Orange-juice futures fell for an eighth straight session, approaching a bear market, on signs of slowing demand as investors shift money from commodities to equities. Coffee, cotton and cocoa also dropped. Sugar was little changed.

The Standard & Poor’s 500 Index of stocks rose to the highest since June 20 on speculation the Federal Reserve will maintain stimulus to fuel economic growth. The S&P GSCI Index of 24 commodities dropped for the first time this week, led by metals and agriculture. U.S. retail-sales of orange juice fell 1.3 percent to 39.89 million gallons (151 million liters) in the four weeks ended June 8, from a year earlier, the Florida Department of Citrus reported June 24.

“The consensus is the U.S. economy is turning a corner, and we had some weak demand reports for orange juice,” Fain Shaffer, the president of Infinity Trading Corp. in Medford, Oregon, said in a telephone interview. “People are taking their money out of commodities and putting it into stocks.”

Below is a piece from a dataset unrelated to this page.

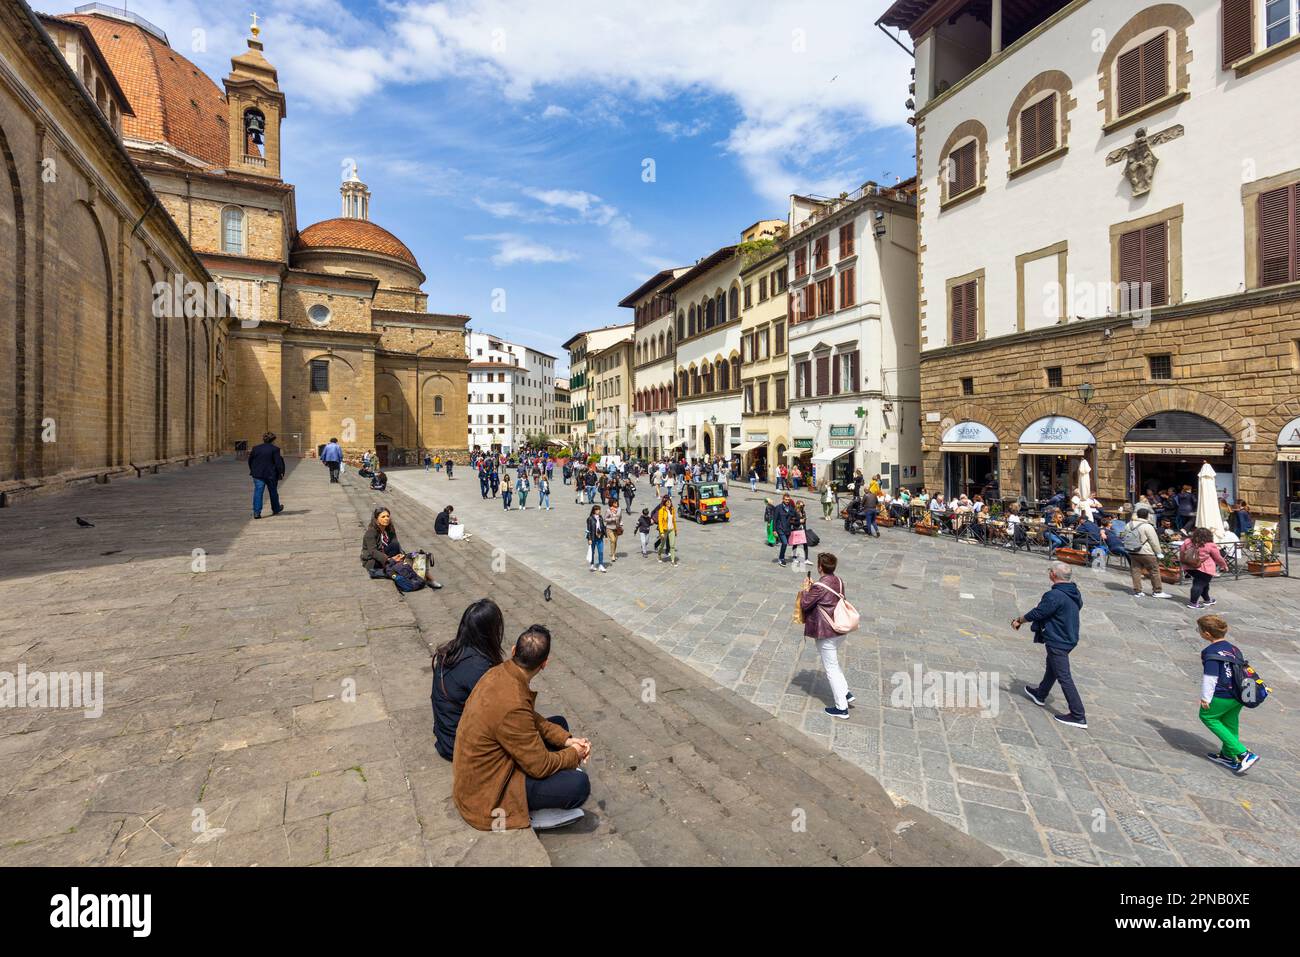 The Piazza di San Lorenzo.  The larger dome in the background belongs to the Cappelle Medicee, the Medici Chapels. Florence, Tuscany, Italy.  The hist Stock Photo

Orange juice for September delivery tumbled 6 percent to $1.261 a pound at 1:09 p.m. on ICE Futures U.S. in New York, heading for the biggest decline for a most-active contract since Dec. 31. The commodity has dropped 14 percent since June 14, heading for the longest slump since July. Prices are down 18 percent from this year’s closing high on May 30, nearing the 20 percent threshold for a bear market.

Earlier today, orange juice touched $1.248, the lowest for a most-active contract since March 8. Trading was 288 percent above the average for this time in the past 100 days, according to data compiled by Bloomberg.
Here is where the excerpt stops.